[ABOUT THIS TASK]
Set down the whole listing below exactly, without pictures.
MATERIAL PROVIDED START
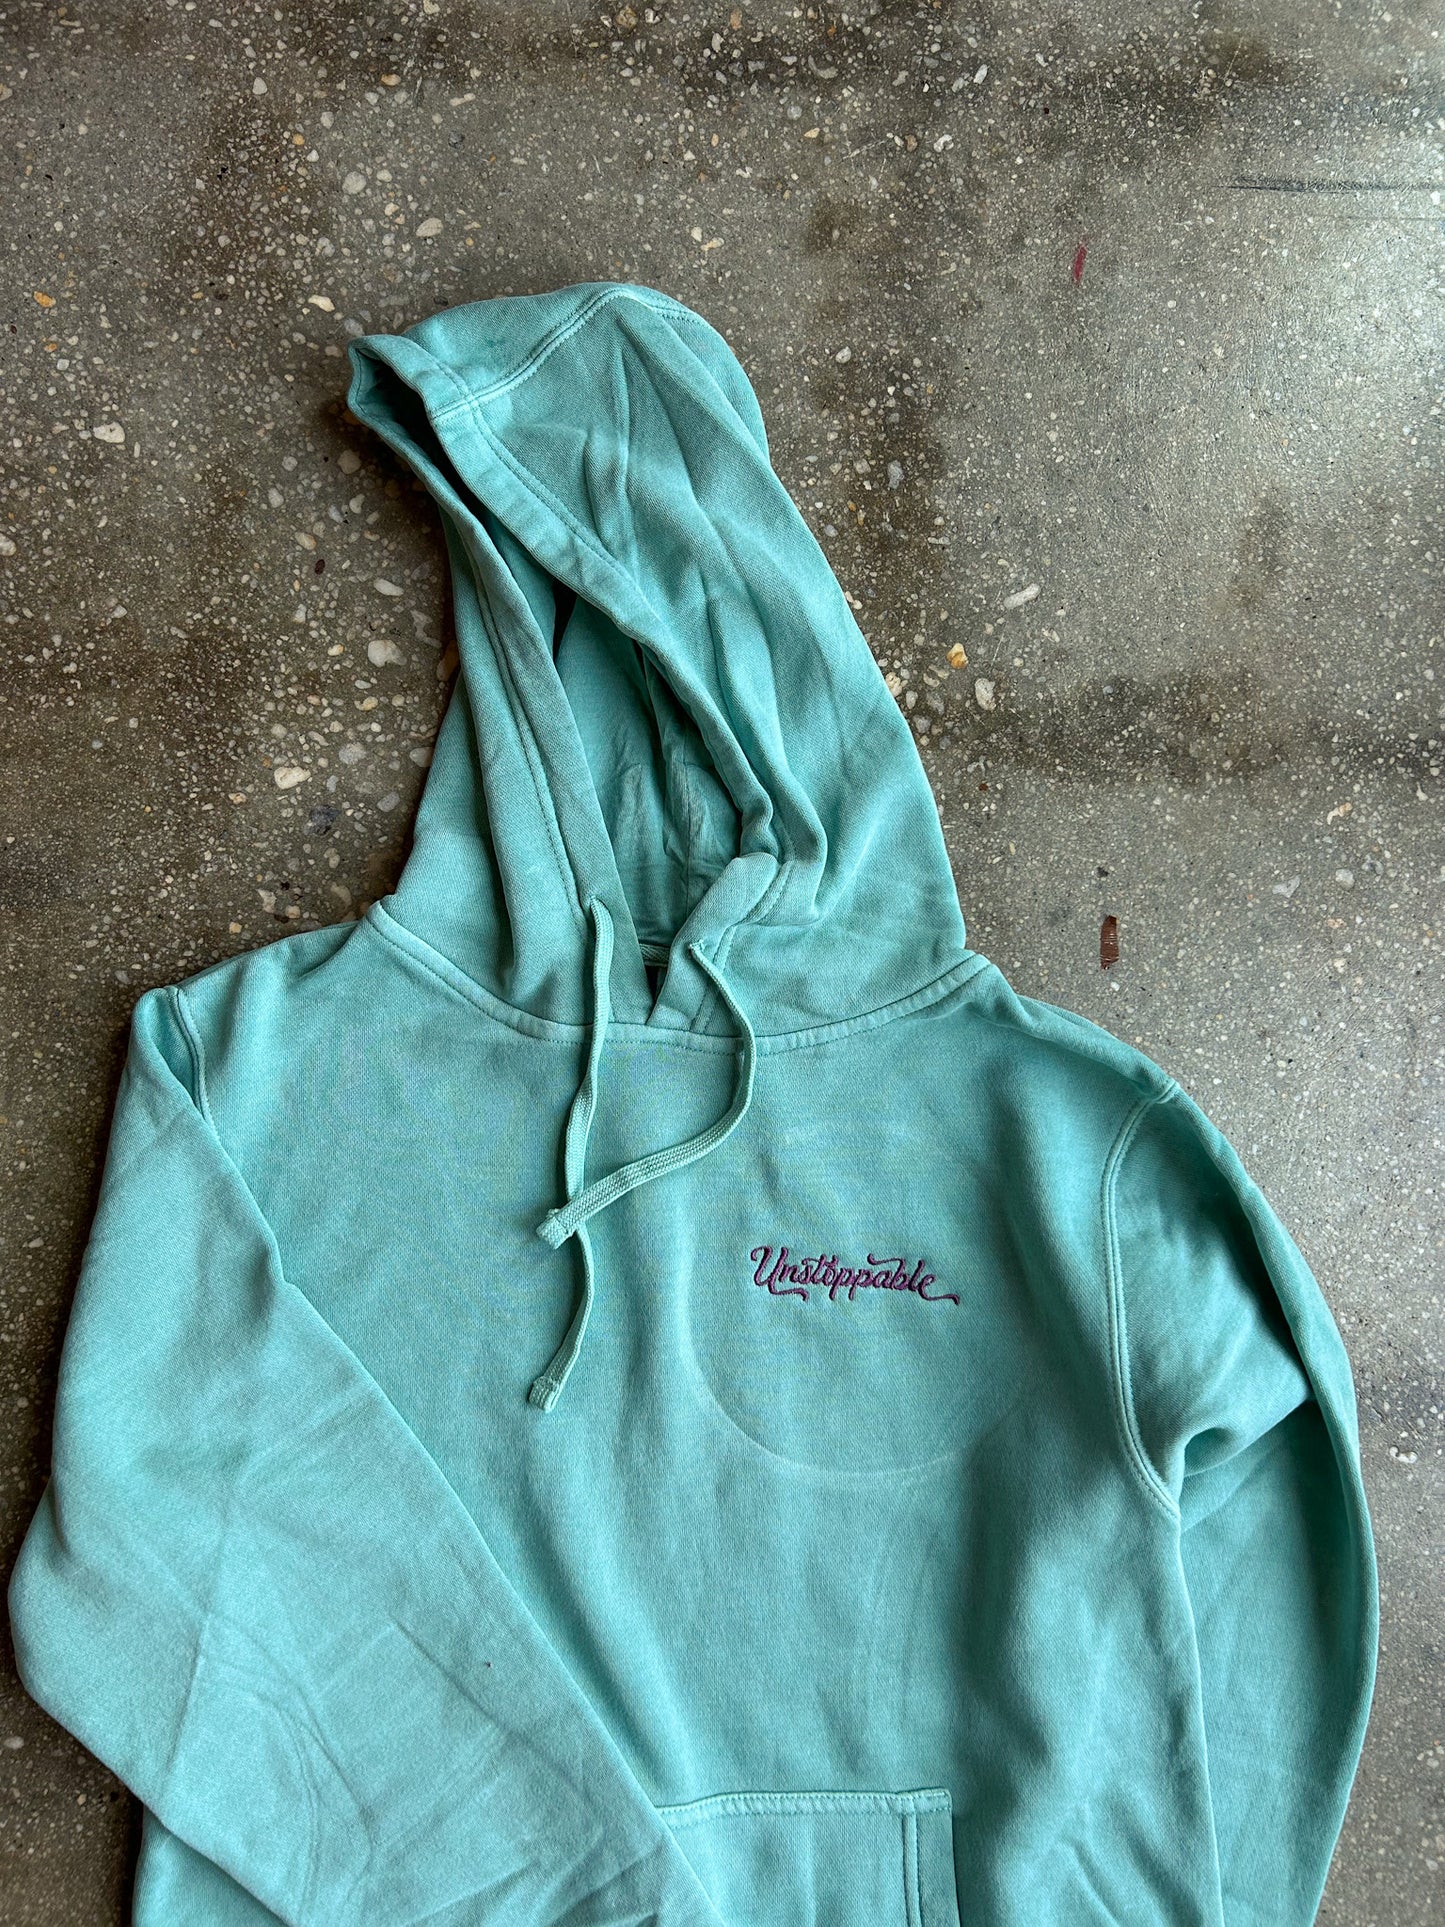 Unstoppable Embroidered Adult Box Hoodie
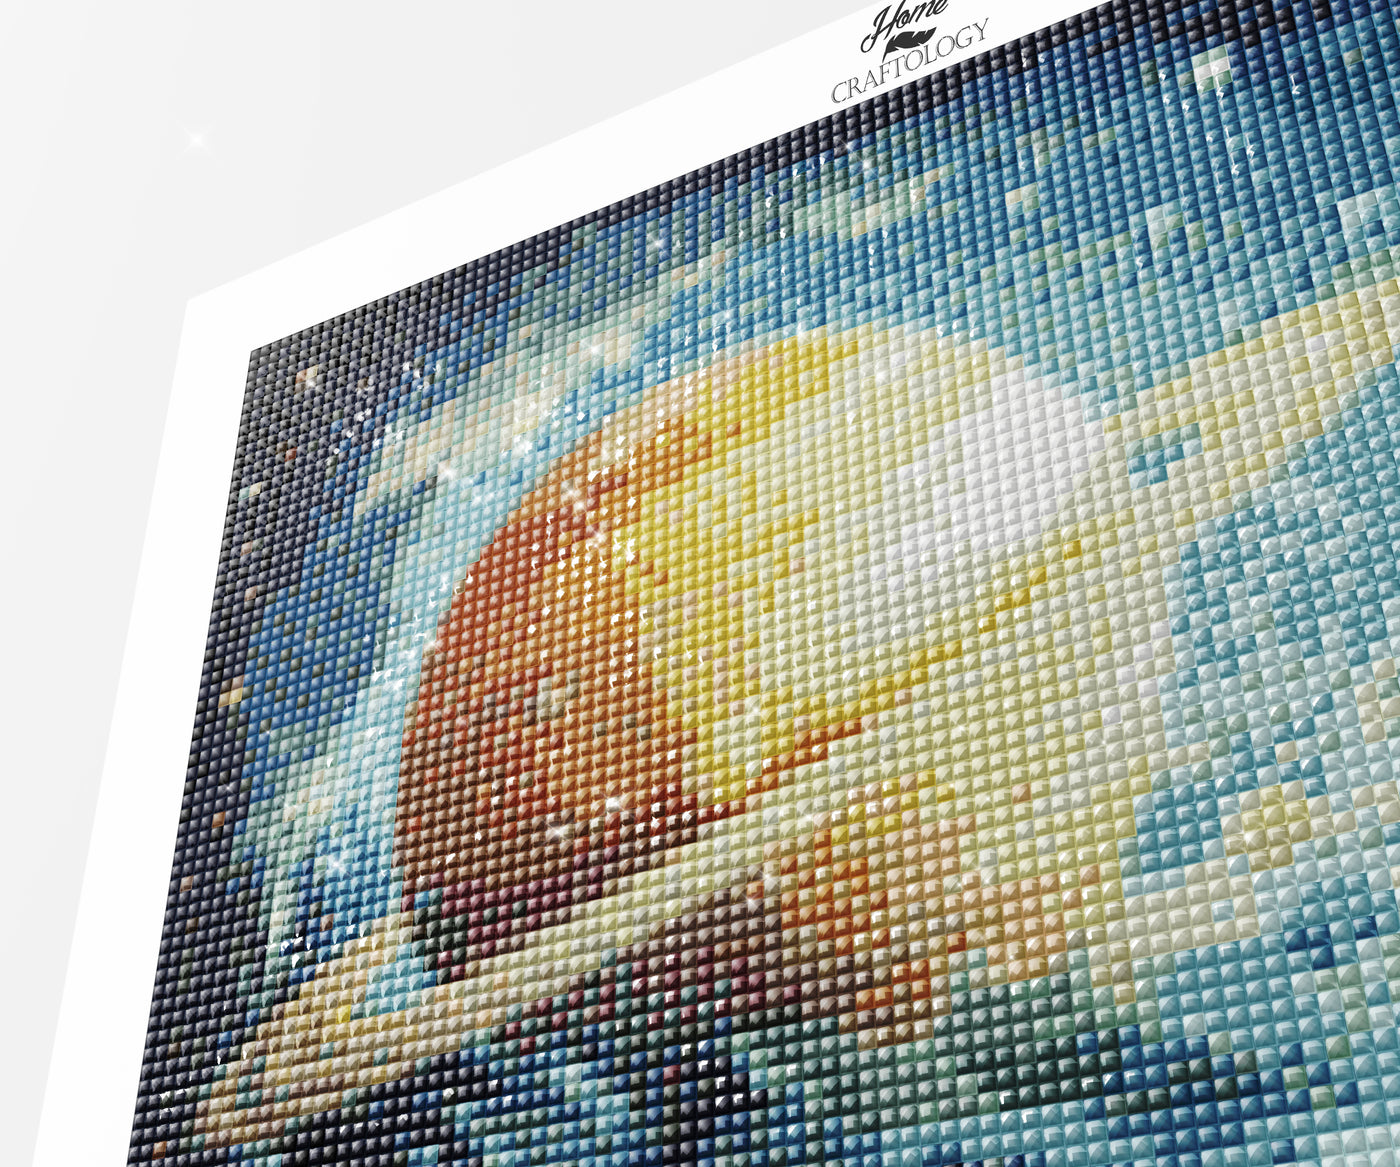 Saturn with Other Planets - Premium Diamond Painting Kit
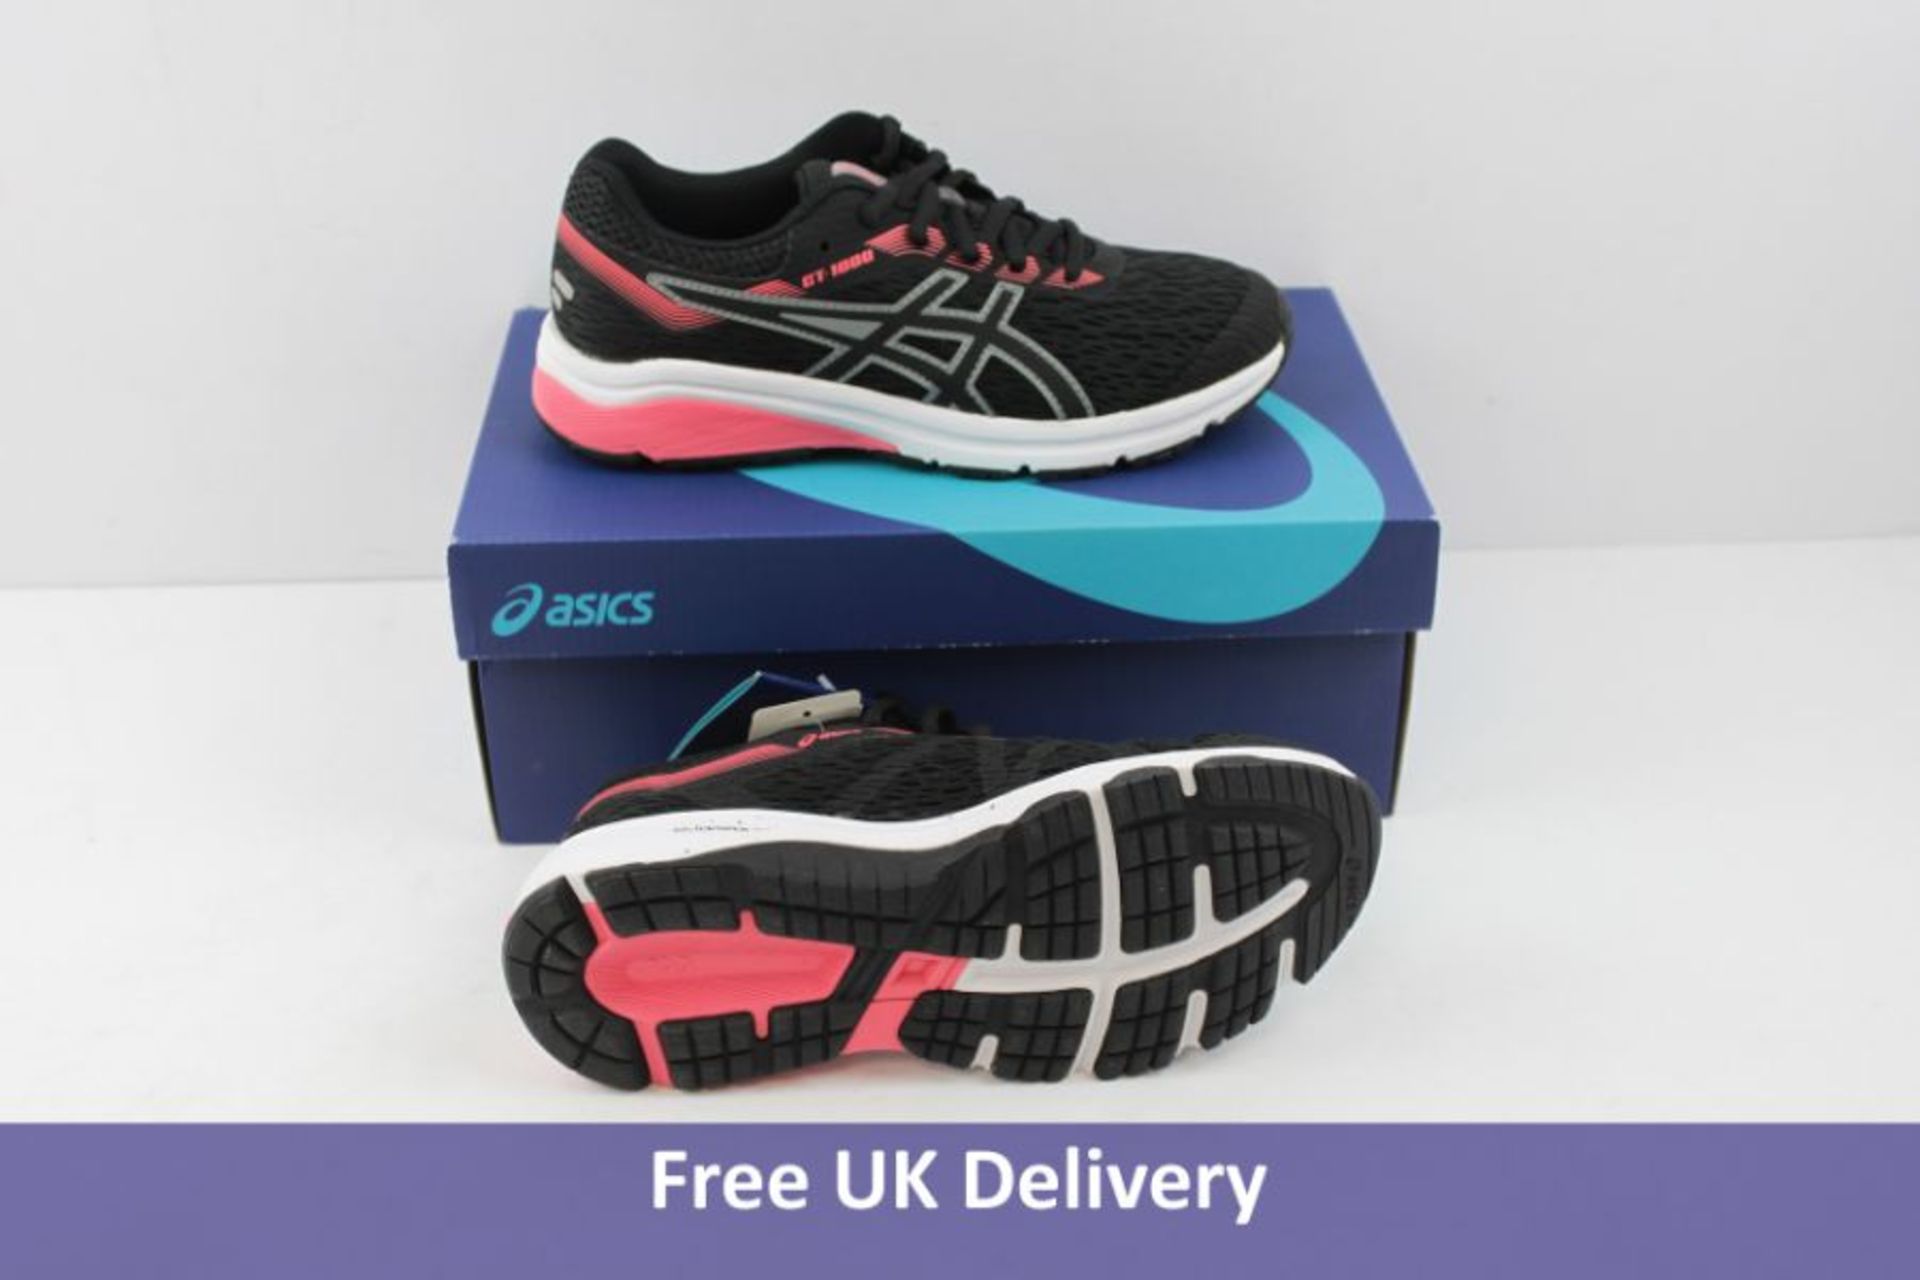 Asics Girl's GT-1000 7 Running Shoes, Black and Pink, UK 4
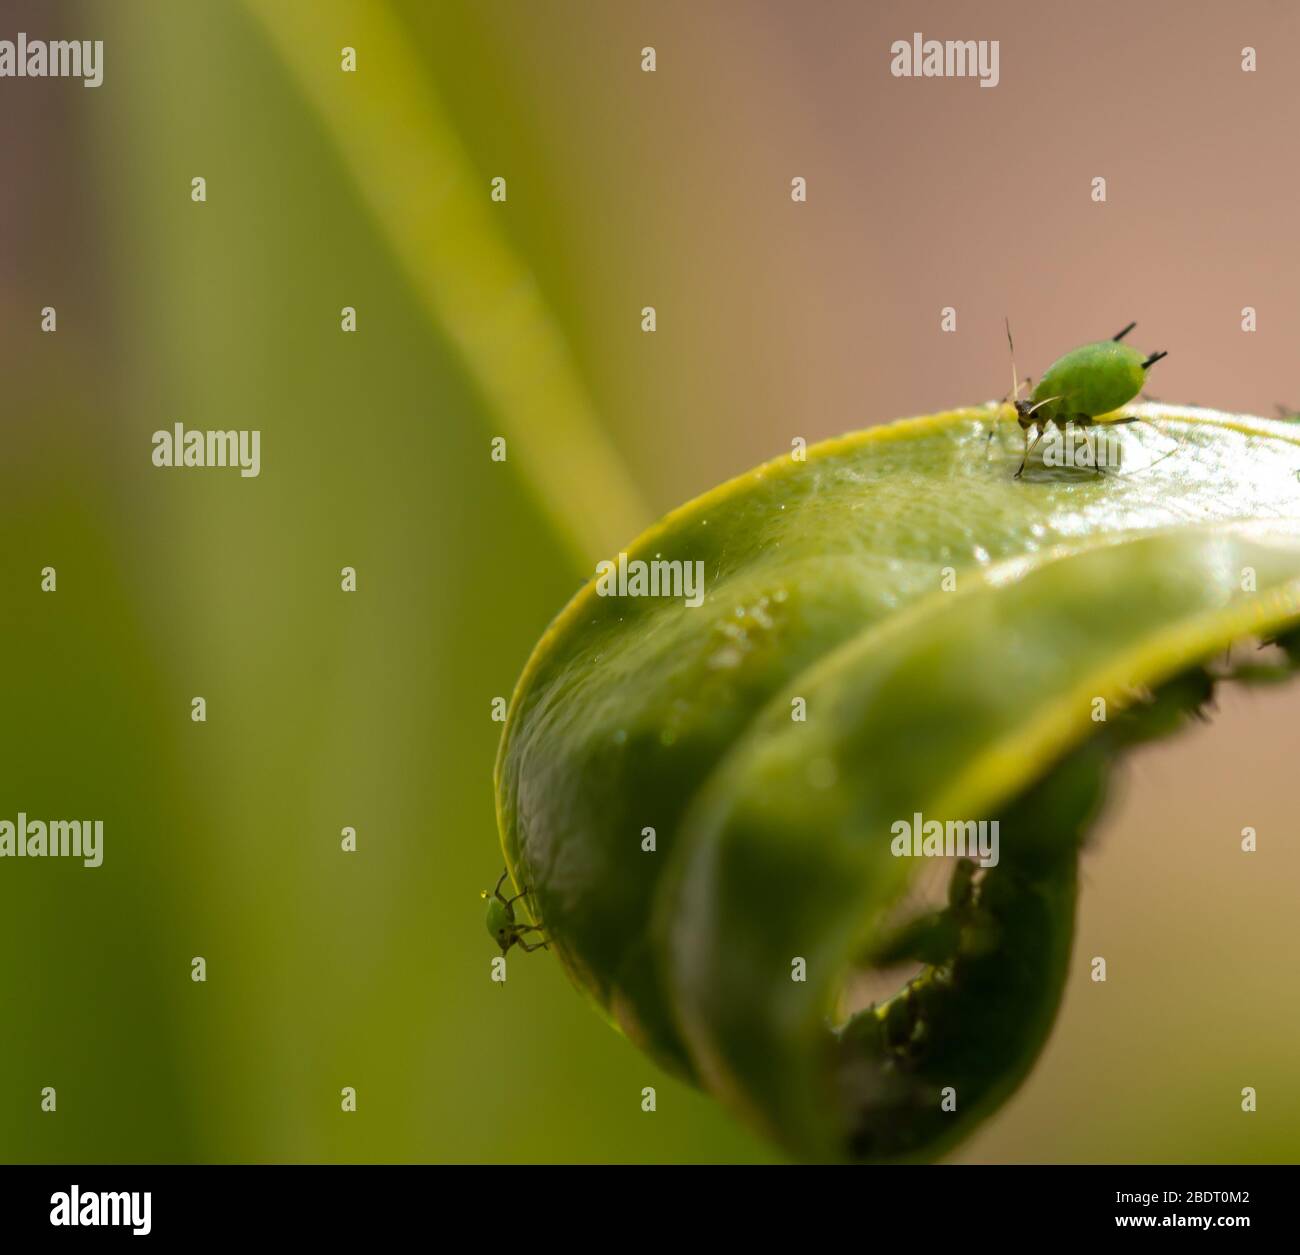 Aphids of different sizes on green leaves of a fruit tree Stock Photo
MATERIAL PROVIDED END
[TASK RESULT]
 Unstoppable Embroidered Adult Box Hoodie
 Saturn with Other Planets - Premium Diamond Painting Kit
 Asics Girl's GT-1000 7 Running Shoes, Black and Pink, UK 4
 Aphids of different sizes on green leaves of a fruit tree Stock Photo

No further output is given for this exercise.